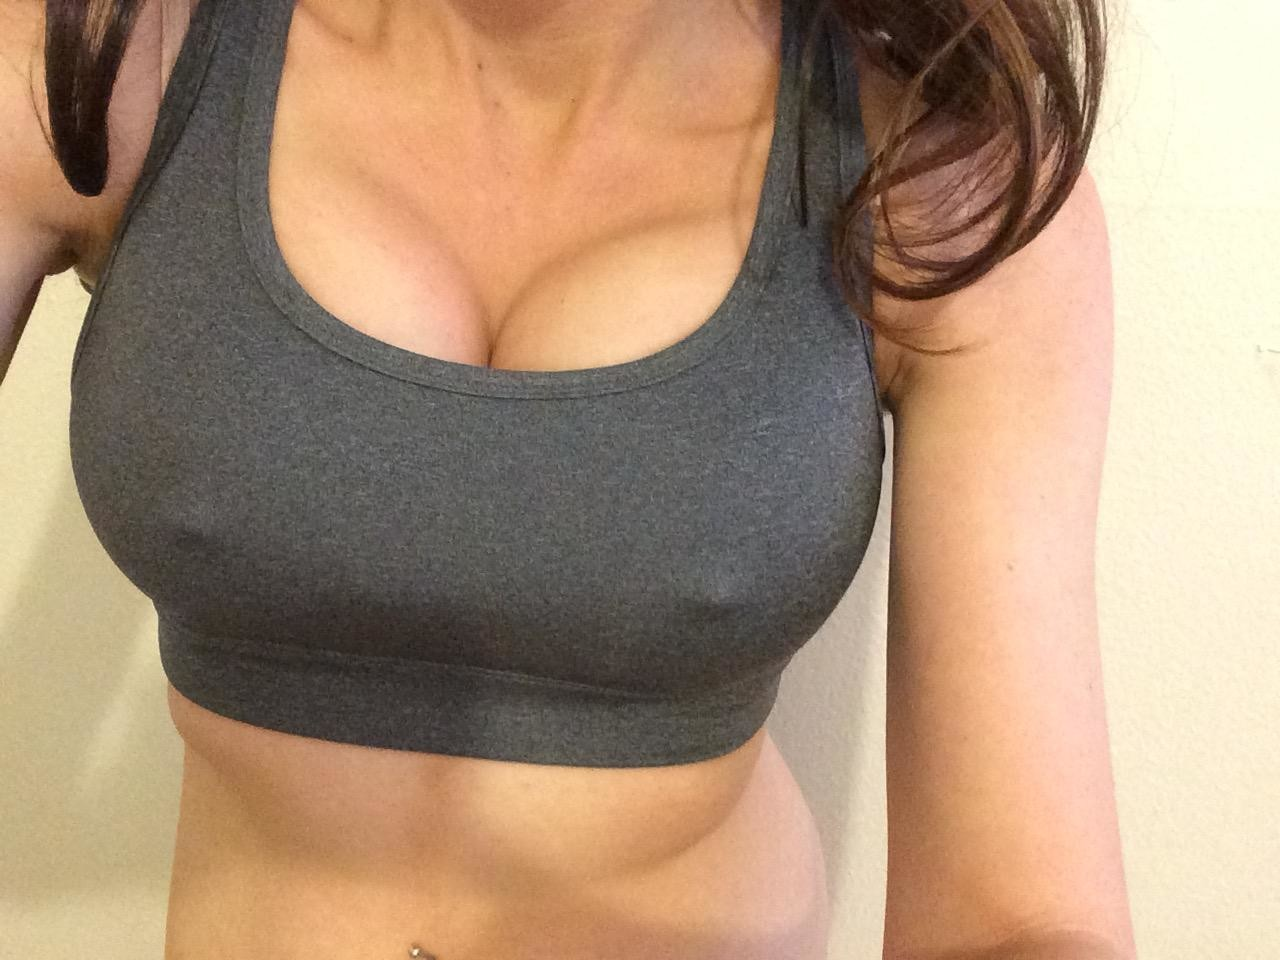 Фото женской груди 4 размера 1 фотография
---
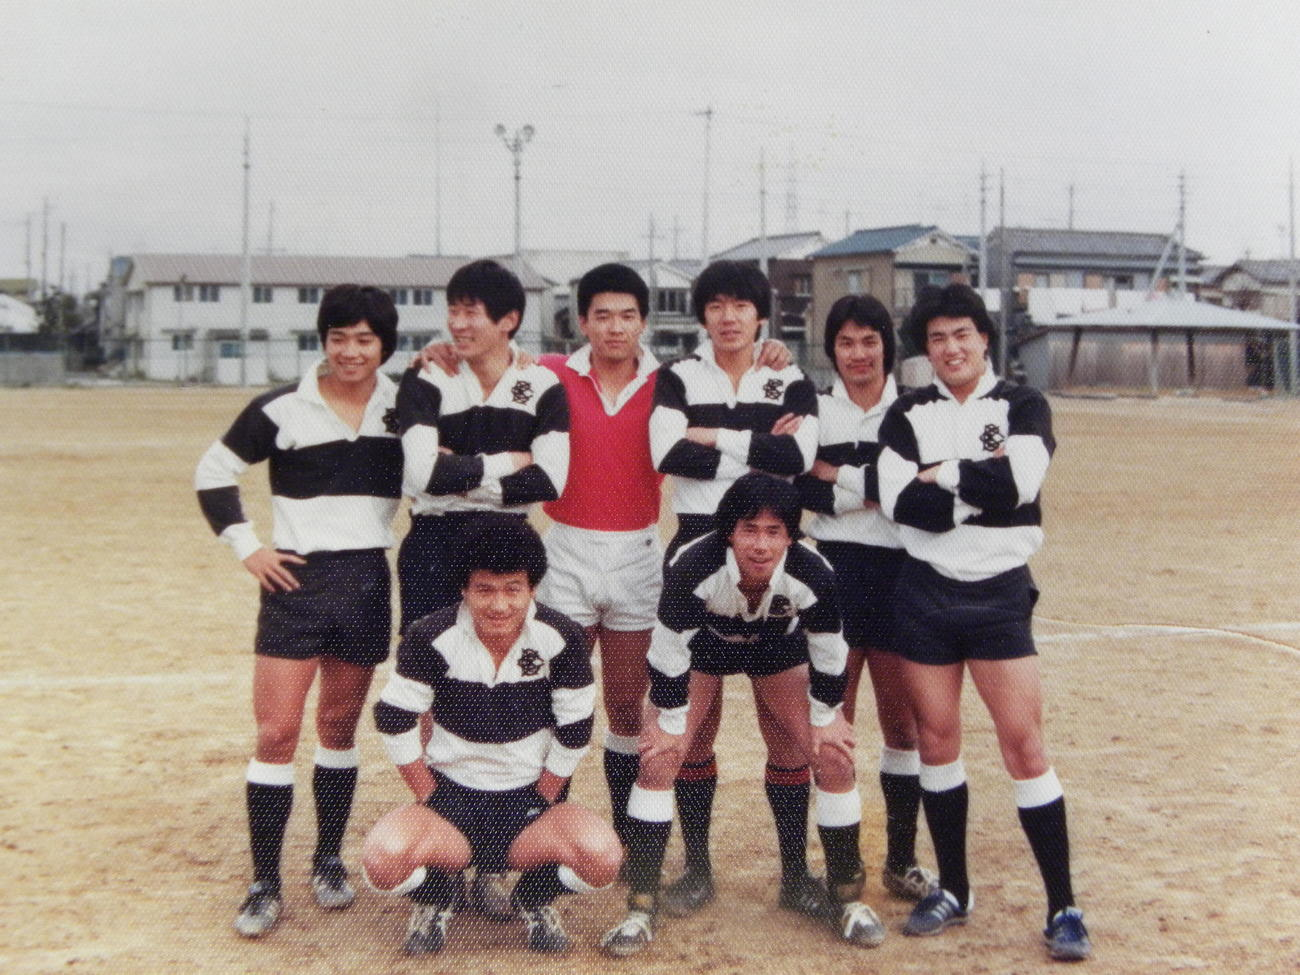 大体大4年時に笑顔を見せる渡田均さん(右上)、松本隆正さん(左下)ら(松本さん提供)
...
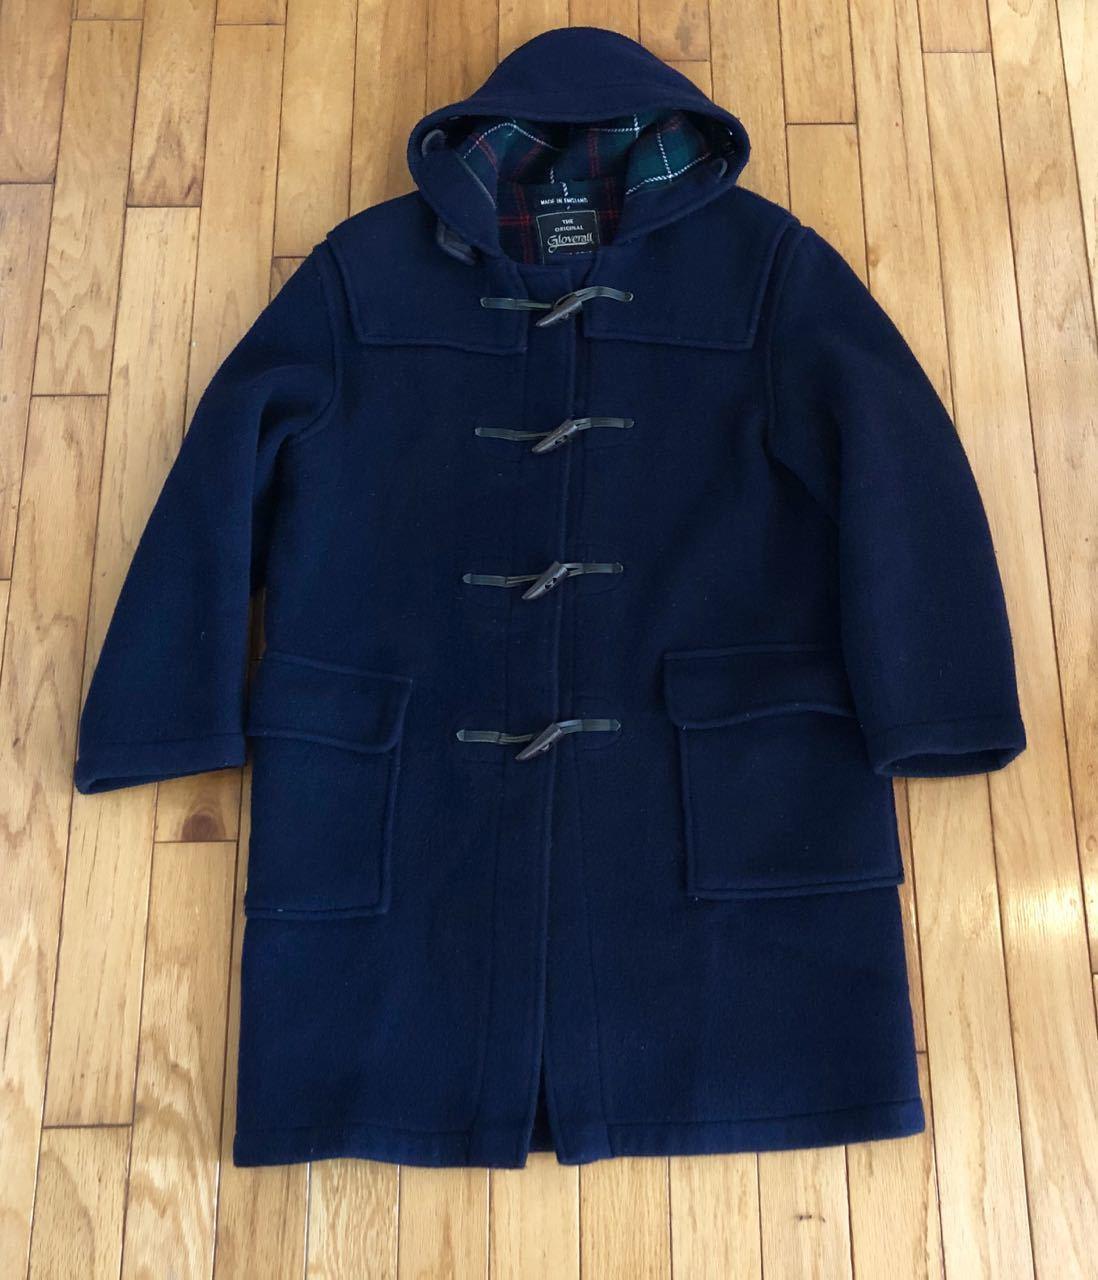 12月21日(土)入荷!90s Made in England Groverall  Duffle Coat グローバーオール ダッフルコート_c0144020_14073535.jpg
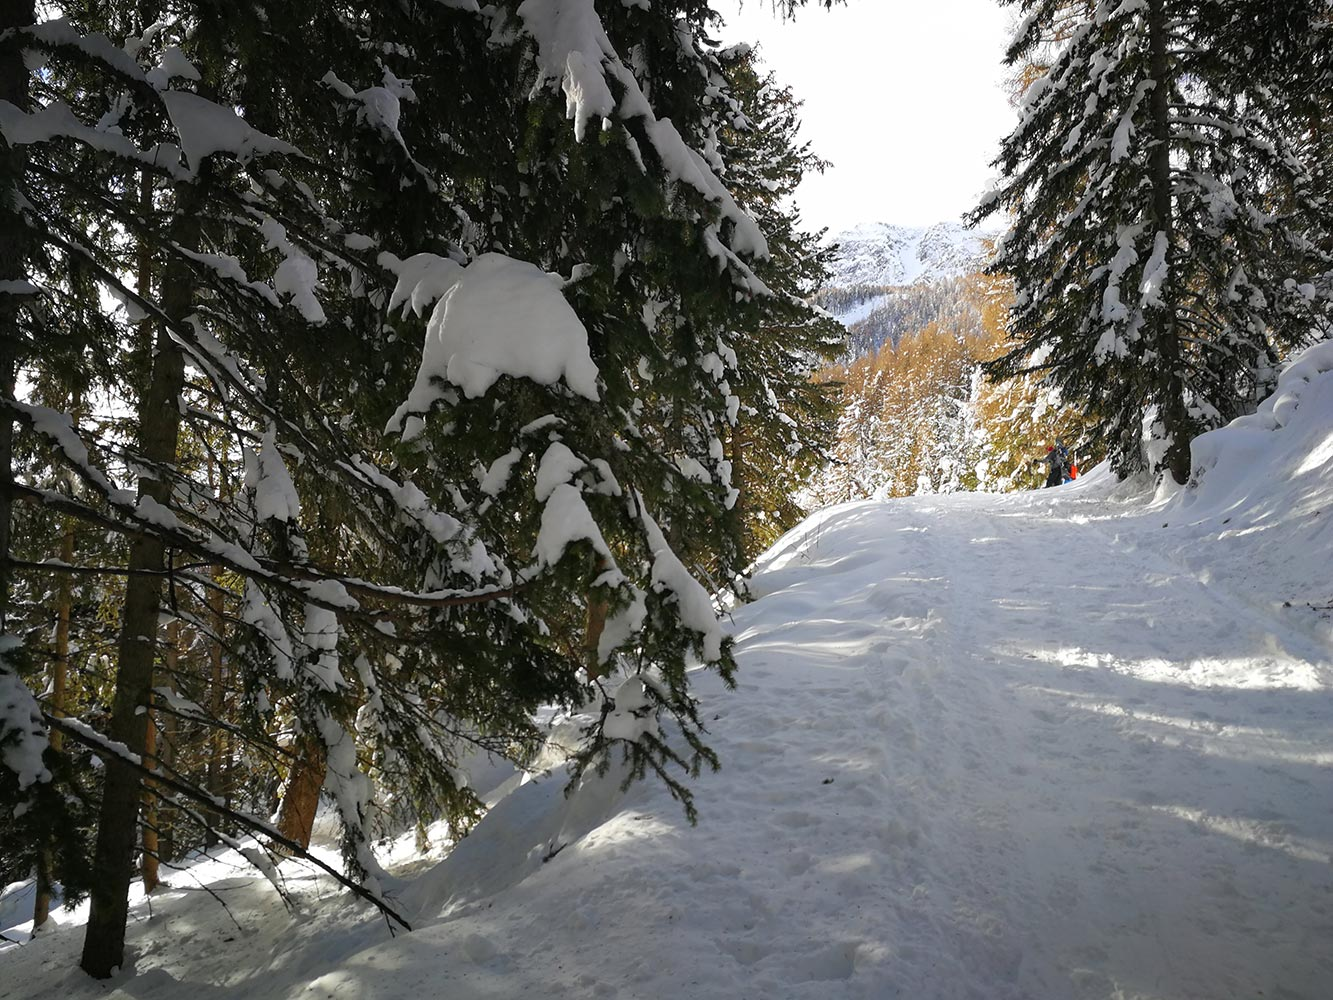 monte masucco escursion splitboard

* _Your task_: Range to copy from the listing above: the line with "12月21日(土)入荷!90s Made in" through the line with "monte masucco escursion splitboard". Transcribe it exactly and skip the pictures.

* _Your solution_:
 12月21日(土)入荷!90s Made in England Groverall  Duffle Coat グローバーオール ダッフルコート_c0144020_14073535.jpg
 monte masucco escursion splitboard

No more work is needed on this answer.